Reason: When there are multiple clusters with the same version, it can help better identify which cluster it is.

| username: TiDBer_小阿飞 | Original post link

  • Suggestion Name: TiDB+keepalived Version Issue
  • Suggestion: TiDB should provide a unified access layer and release its own or a tested unified version of the load balancing component.
  • Reason: TiDB’s load balancing strategy uses the HAproxy+keepalived solution. This solution does not have detailed recommendations for version support. The flexibility of external components is a significant risk. There have been issues in the forum caused by load balancing, and problems with the KEEPLIVE version led to packet loss with version 2.0.18, causing business timeouts. This was resolved by switching to the lower version 1.2.8.
  • Case: https://www.yisu.com/zixun/576604.html
  • Asktug Link: 大家都用什么做tidb server的负载均衡? - TiDB 的问答社区
| username: 托马斯滑板鞋 | Original post link

Suggestions: Continuous improvement and optimization of CBO, performance enhancement of TiFlash
Reasons:

  1. The first suggestion comes from the expectations derived from continuous learning through performance comparison tests with competitor products and performance optimization posts by experts on forums.
  2. The second suggestion is based on POC testing, where it was found that there is still a certain gap compared to doris/starrocks (I am thinking of eliminating the data warehouse by horizontally adding TiFlash, thus avoiding the hassle of CDC to data warehouse and simplifying operations). :upside_down_face:
| username: chenhanneu | Original post link

Or it can directly display the current cluster’s name.

| username: Billmay表妹 | Original post link

Also, add the relevant Asktug question links, so the evidence is conclusive hhhh

| username: Billmay表妹 | Original post link

@人如其名 Many of the issues that were detected have actually been resolved in v7.4.0.
You might need to provide more specific feedback, and it would be best to elaborate on a particular point in detail.

| username: xfworld | Original post link

  • Suggestion Name: During tiup installation, allow selection of more Grafana monitoring templates
  • Reason: Tools like DM, BR, Lightning, etc., need to be manually integrated into the same Prometheus setup.

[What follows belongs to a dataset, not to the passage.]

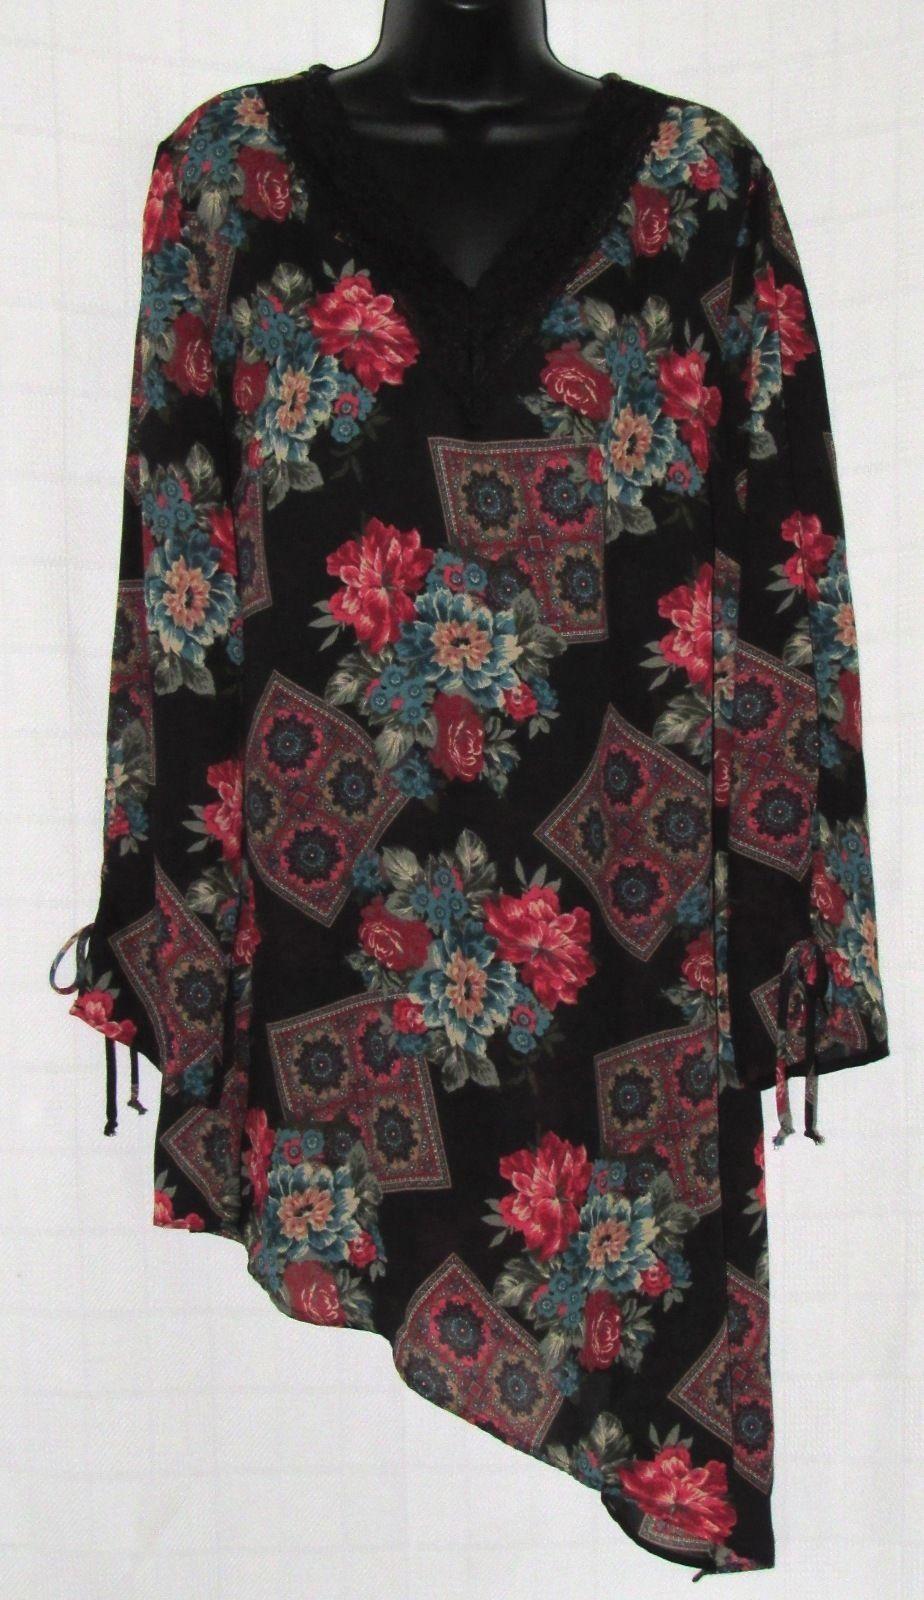 Black Floral Print Sheer Lace Trim Nightgown with Asymmetrical Hem
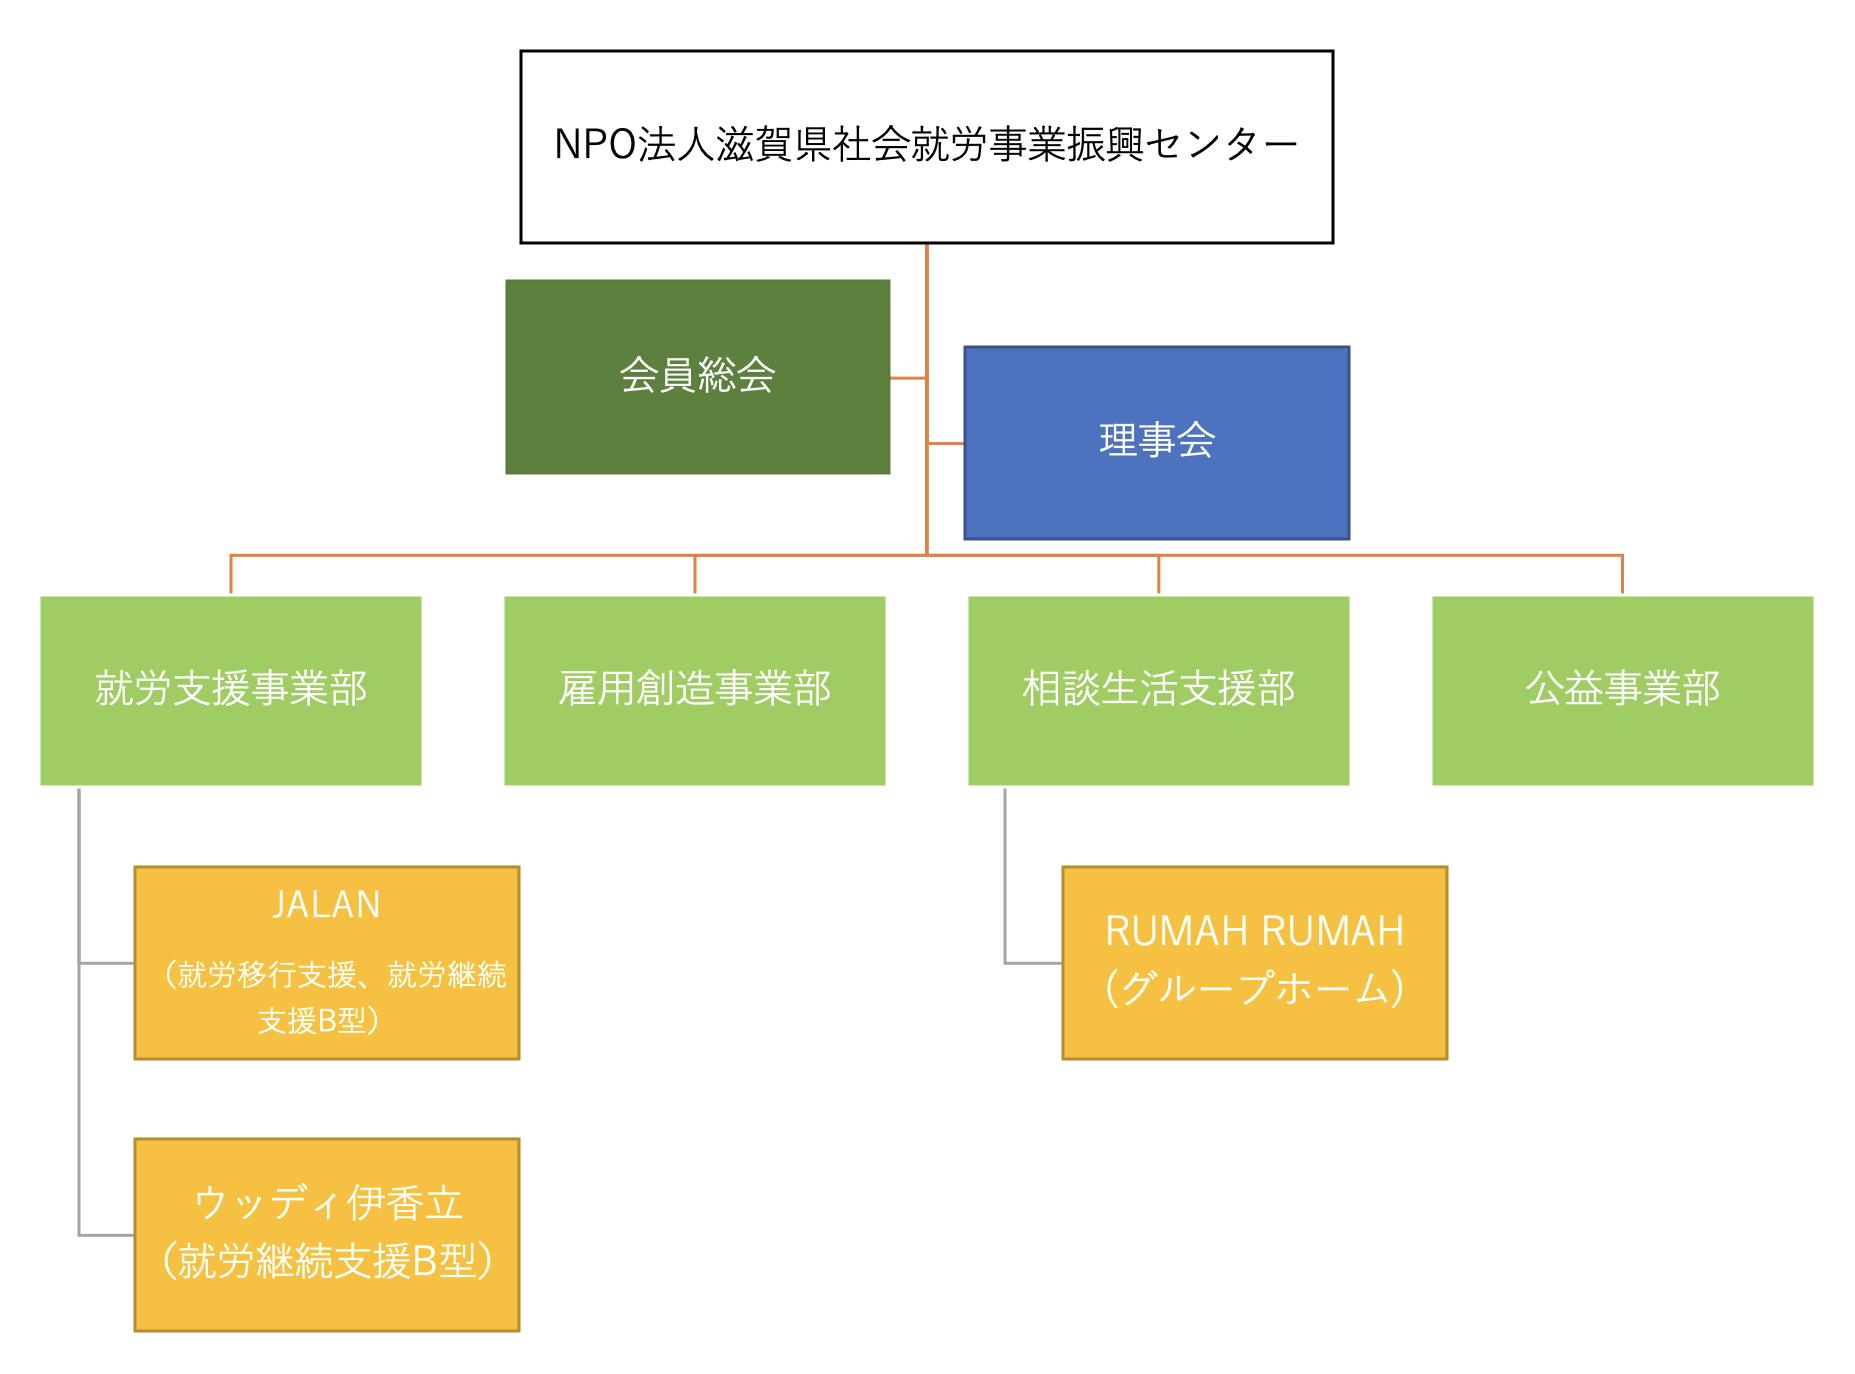 NPO法人滋賀県社会就労事業振興センターの組織図です。

It would be beneficial to achieve automated configuration and integration.
  • Example: Monitoring is scattered, requiring a lot of manual processing to meet this need. Can a more convenient method be added?
  • Asktug Links:
    使用 DM 迁移数据 | PingCAP 文档中心
    TiDB Lightning 监控告警 | PingCAP 文档中心
| username: 芮芮是产品 | Original post link

Suggestion: The new version should ideally add TiKV on S3

Because of energy saving and emission reduction
To save money, TiDB can attract more customers

| username: 芮芮是产品 | Original post link

Suggested Name: tiup installation with more Grafana monitoring templates
Reason: Tools like DM, BR, Lightning, etc., need to be manually integrated into the same Prometheus setup. It would be great to achieve automated configuration and integration.
Example: Monitoring is scattered, requiring a lot of manual processing to meet this need. Can a more convenient method be added…

Suggested Name: tikv on s3
Reason: Energy saving and emission reduction
Example: A 30TB MySQL snapshot backup costs 300 RMB per day, and RDS databases also incur significant costs.

| username: 有猫万事足 | Original post link

| username: Billmay表妹 | Original post link

What is the principle that can save money?